Apache Pulsar vs Azure Service Bus

OverviewDecisionsComparisonAlternatives

Overview

Azure Service Bus
Azure Service Bus
Stacks553
Followers536
Votes7
Apache Pulsar
Apache Pulsar
Stacks119
Followers199
Votes24

Apache Pulsar vs Azure Service Bus: What are the differences?

Introduction

Apache Pulsar and Azure Service Bus are both messaging systems used for reliable and scalable communication between applications. However, there are key differences between the two platforms.

  1. Scalability: Apache Pulsar is designed to handle massive scale-out scenarios, with the ability to horizontally scale to millions of topics. On the other hand, Azure Service Bus is built for moderate scale scenarios and has limitations on the number of concurrent connections and topics.

  2. Messaging Model: Apache Pulsar follows a publish-subscribe messaging model, where messages are published to topics and consumers subscribe to those topics to receive messages. Azure Service Bus supports multiple messaging models, including publish-subscribe, request-response, and message queuing.

  3. Protocol Support: Apache Pulsar supports multiple protocols, including its own native Pulsar protocol, as well as MQTT and Apache Kafka protocols. Azure Service Bus uses the AMQP (Advanced Message Queuing Protocol) and the HTTP REST protocol.

  4. Geo-Replication: Apache Pulsar provides built-in geo-replication capabilities, allowing data to be replicated and distributed across multiple geographic regions. Azure Service Bus does not have built-in geo-replication and requires additional configurations or services to achieve geo-replication.

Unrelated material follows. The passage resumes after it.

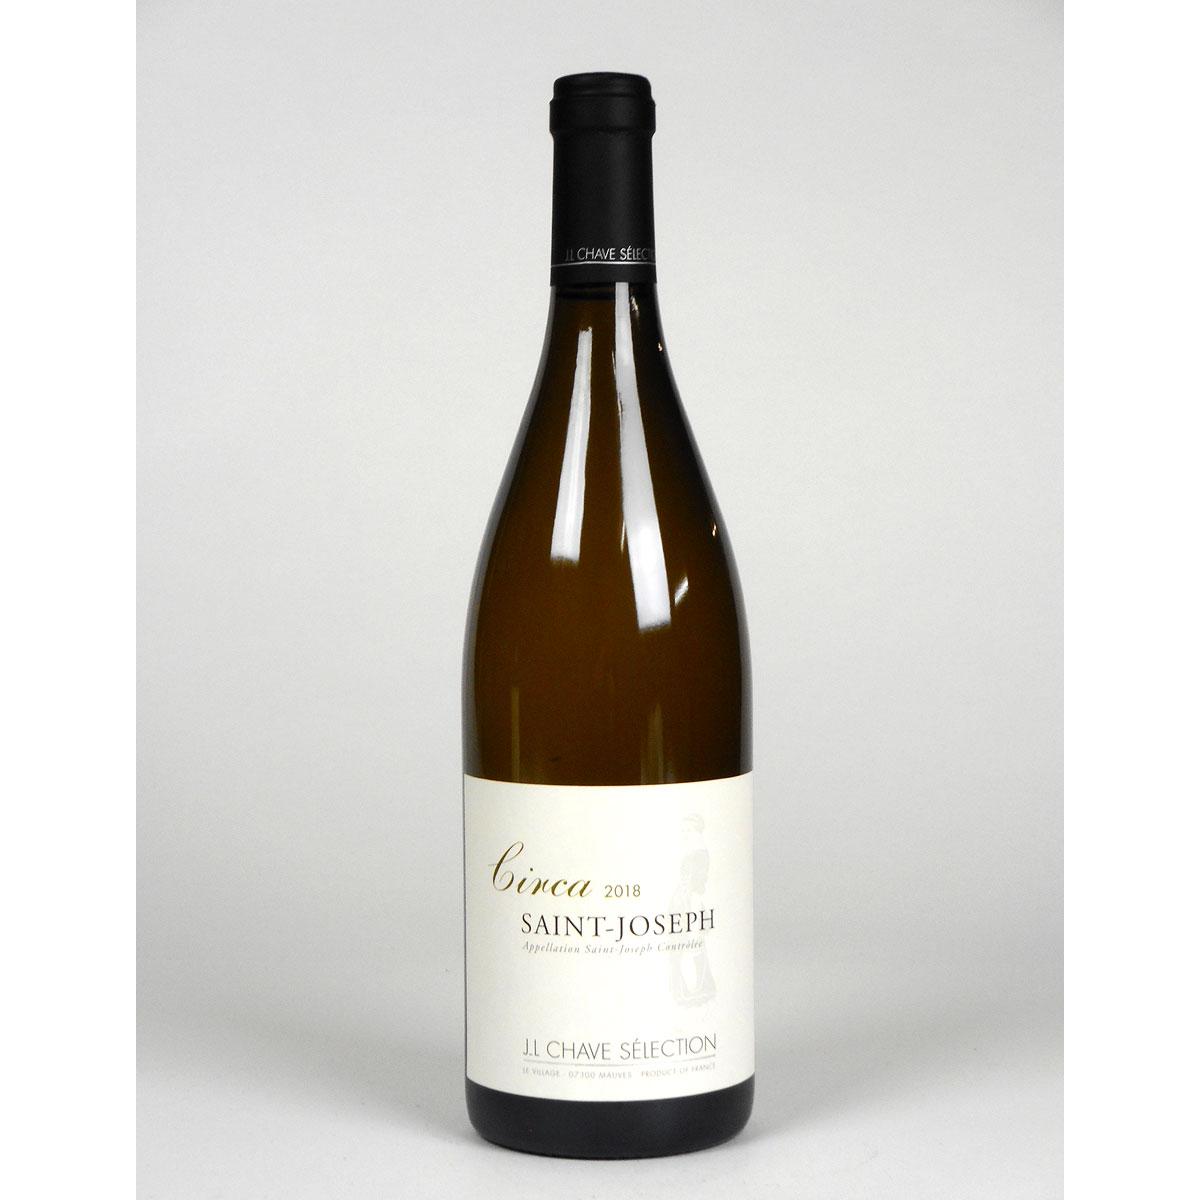 Saint-Joseph: Jean-Louis Chave Sélection 'Circa' Blanc 2018 - Wine Bottle

  5. Message Retention: Apache Pulsar has a flexible message retention policy, allowing messages to be retained for a configurable period of time or until a specific storage limit is reached. Azure Service Bus has a fixed maximum retention period of 7 days for messages.

  6. Programming Language Support: Apache Pulsar offers client libraries for multiple programming languages, including Java, Python, and Go. Azure Service Bus provides client libraries primarily for .NET languages.

In summary, Apache Pulsar provides greater scalability, supports multiple protocols, offers built-in geo-replication, and has a flexible message retention policy compared to Azure Service Bus.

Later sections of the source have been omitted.